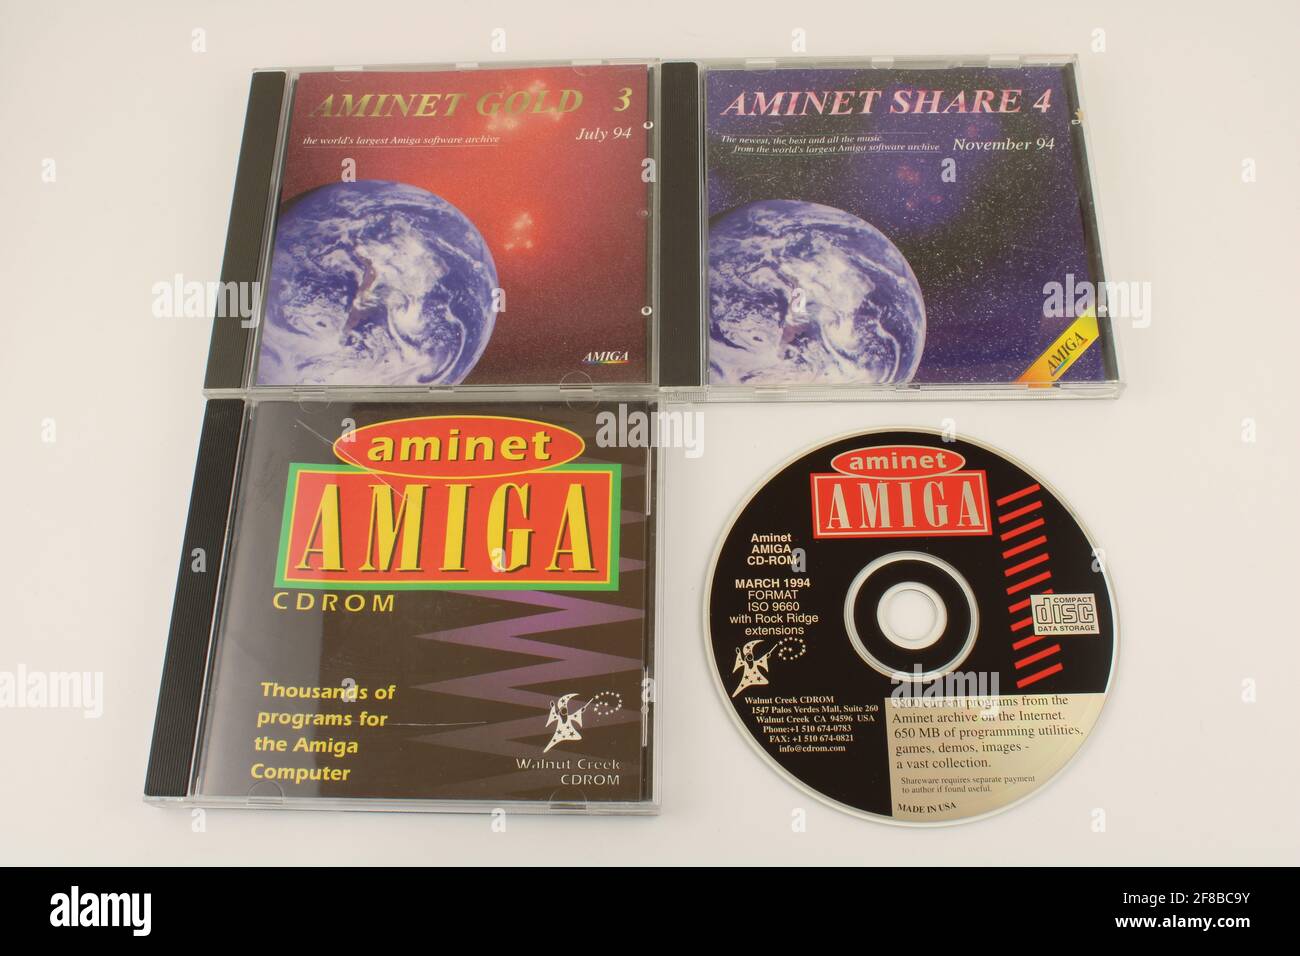 Amiga software CDs in cd cases by Aminet. Old Amiga gaming concept Stock Photo
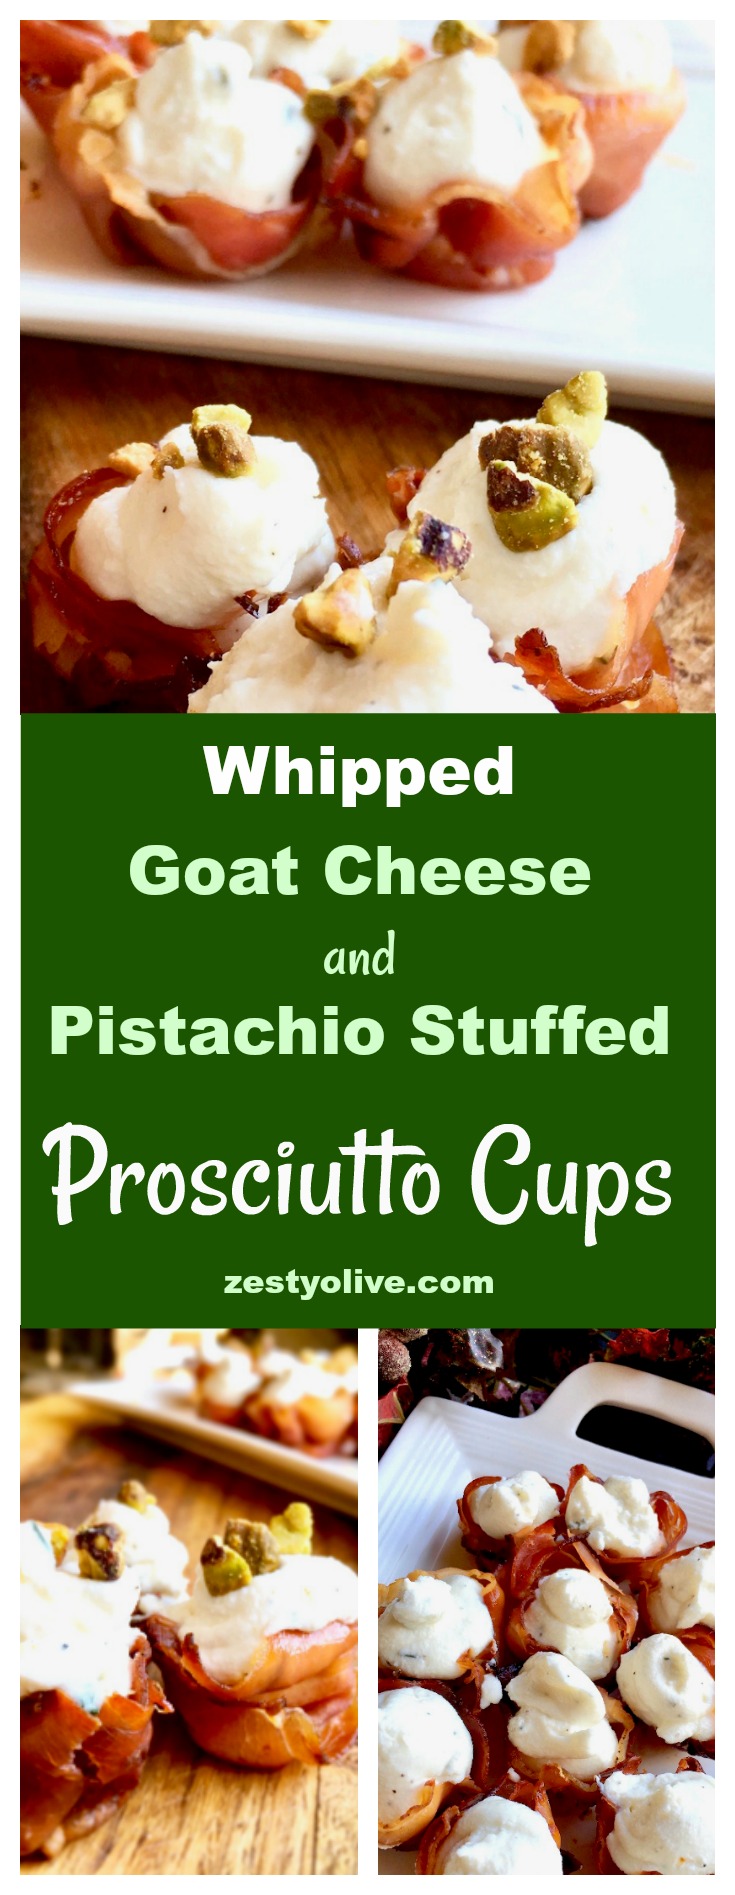 Impress your guests with this elegant, yet easy appetizer of whipped goat cheese stuffed prosciutto cups topped with crushed pistachios.
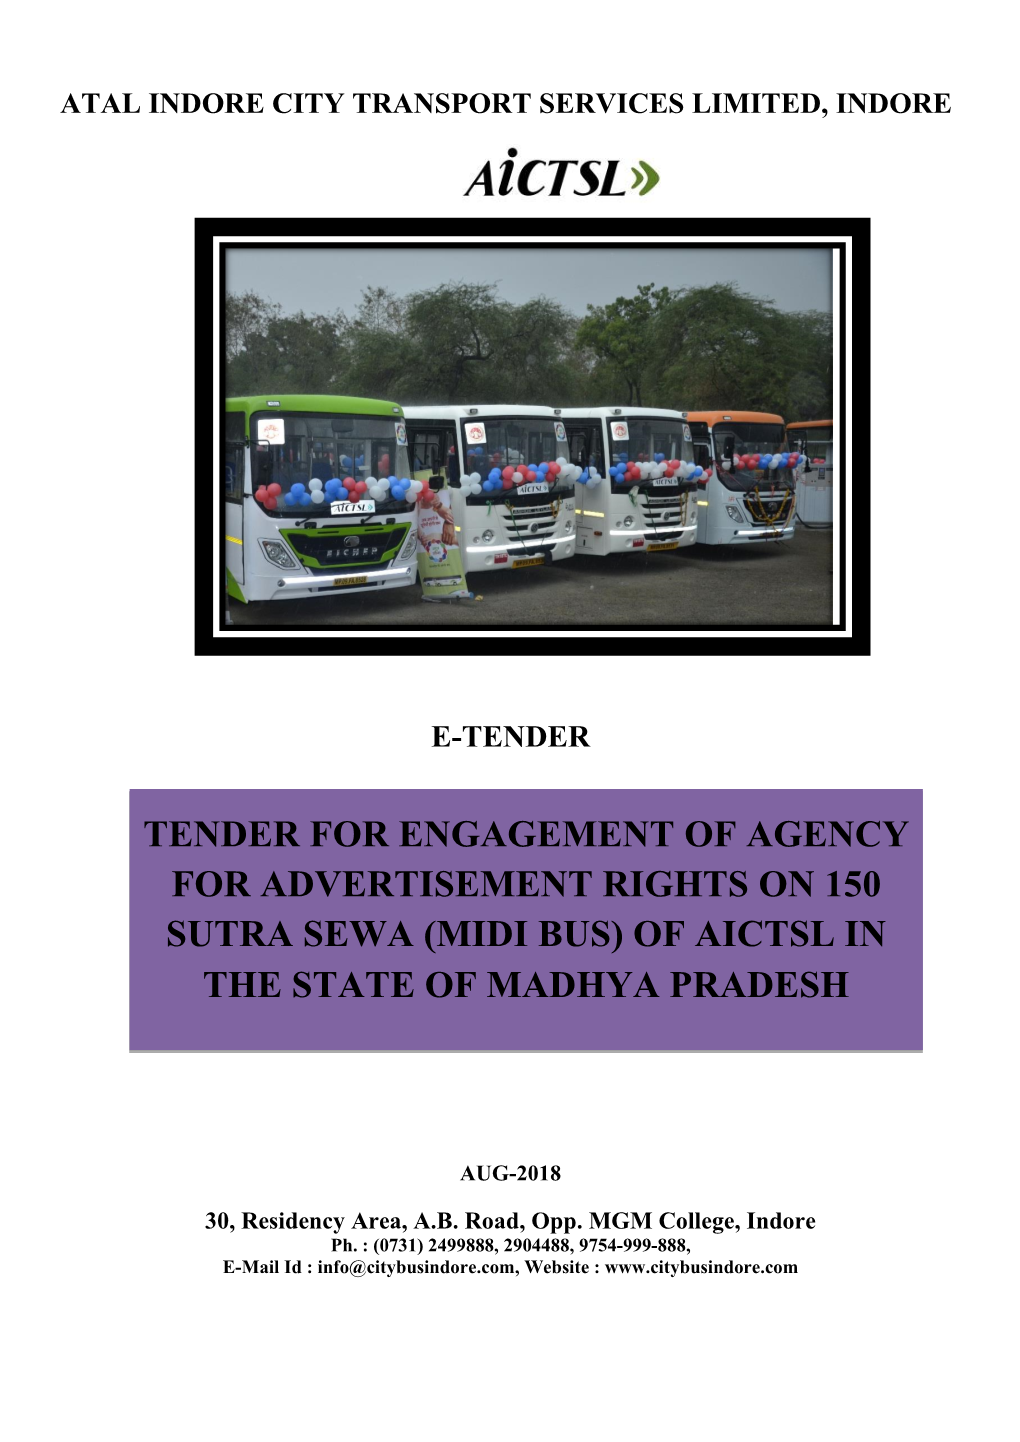 Tender for Engagement of Agency for Advertisement Rights on 150 Sutra Sewa (Midi Bus) of Aictsl In

REQUIRED ACTION
Both the line containing "Impress your guests" and the last line of the listing above belong in the copy, along with every line between them; retype them exactly and omit the pictures.

EXERCISE ANSWER
 Impress your guests with this elegant, yet easy appetizer of whipped goat cheese stuffed prosciutto cups topped with crushed pistachios.
 Tender for Engagement of Agency for Advertisement Rights on 150 Sutra Sewa (Midi Bus) of Aictsl In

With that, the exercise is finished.